- WHAT THE TASK REQUIRES -
Each line from the one holding "- Mild to moderate" to the last line of the listing must be set down exactly. No pictures are to be included.

- AVAILABLE DATA -
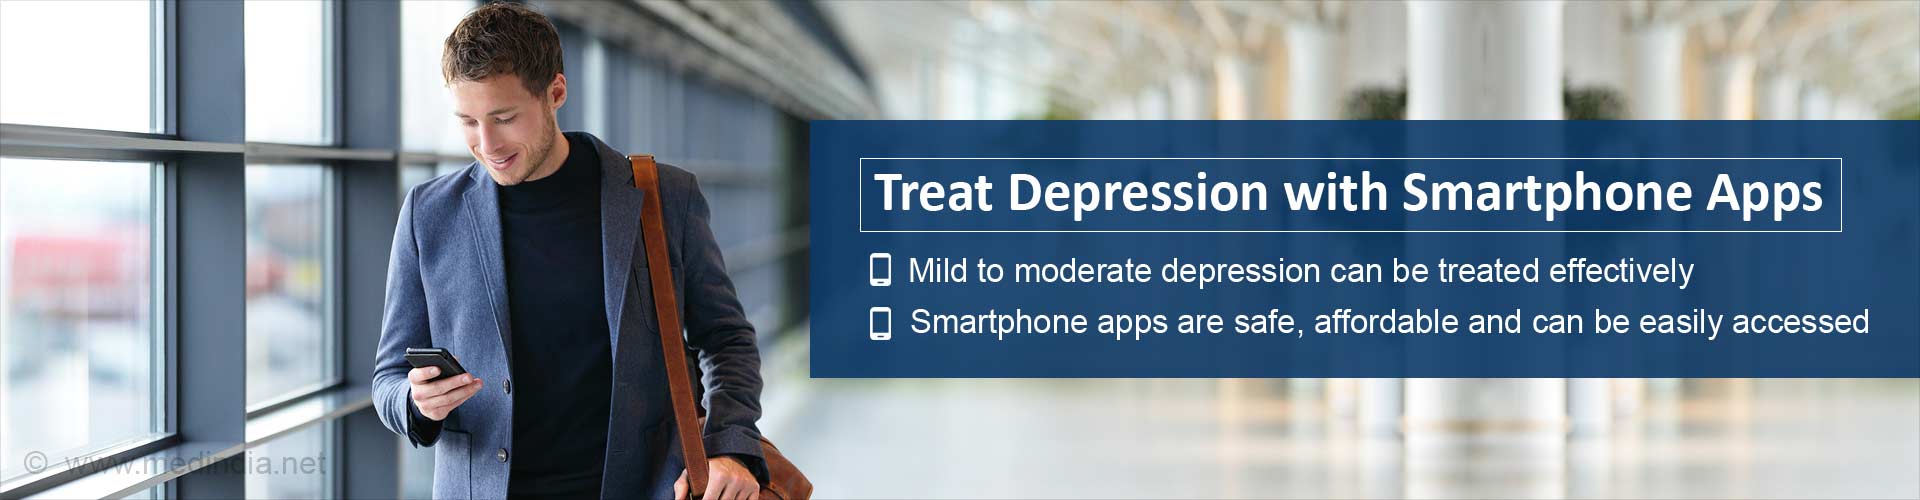 Treat depression with smartphone apps
- Mild to moderate depression can be treated effectively
- Smartphone apps are safe, affordable and can be easily accessed
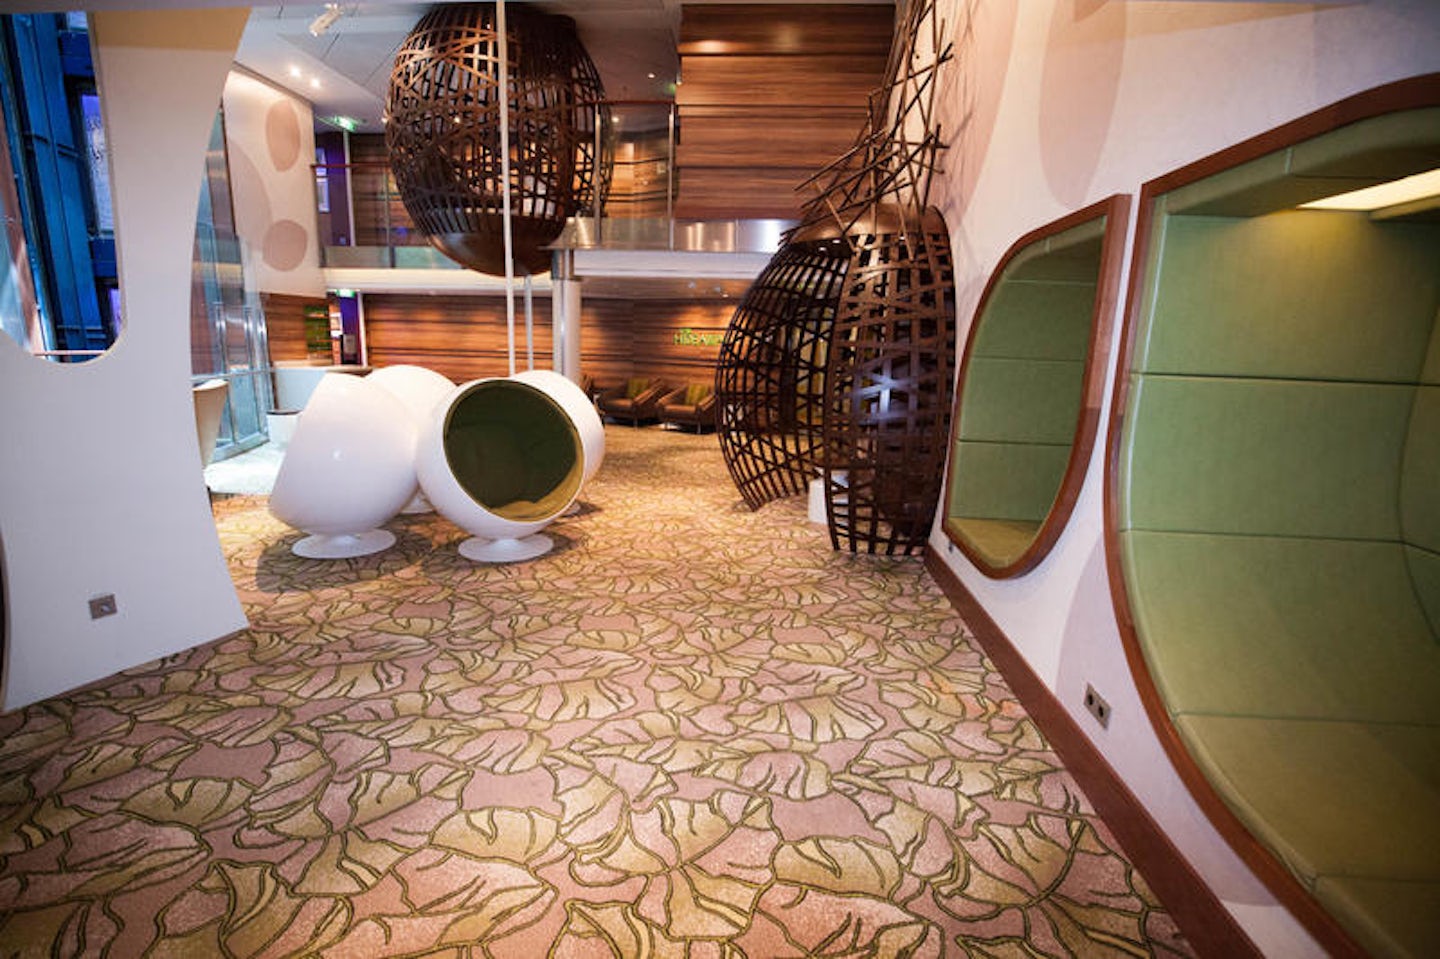 The Hideaway on Celebrity Reflection

- WRITTEN ANSWER -
- Mild to moderate depression can be treated effectively
- Smartphone apps are safe, affordable and can be easily accessed
 The Hideaway on Celebrity Reflection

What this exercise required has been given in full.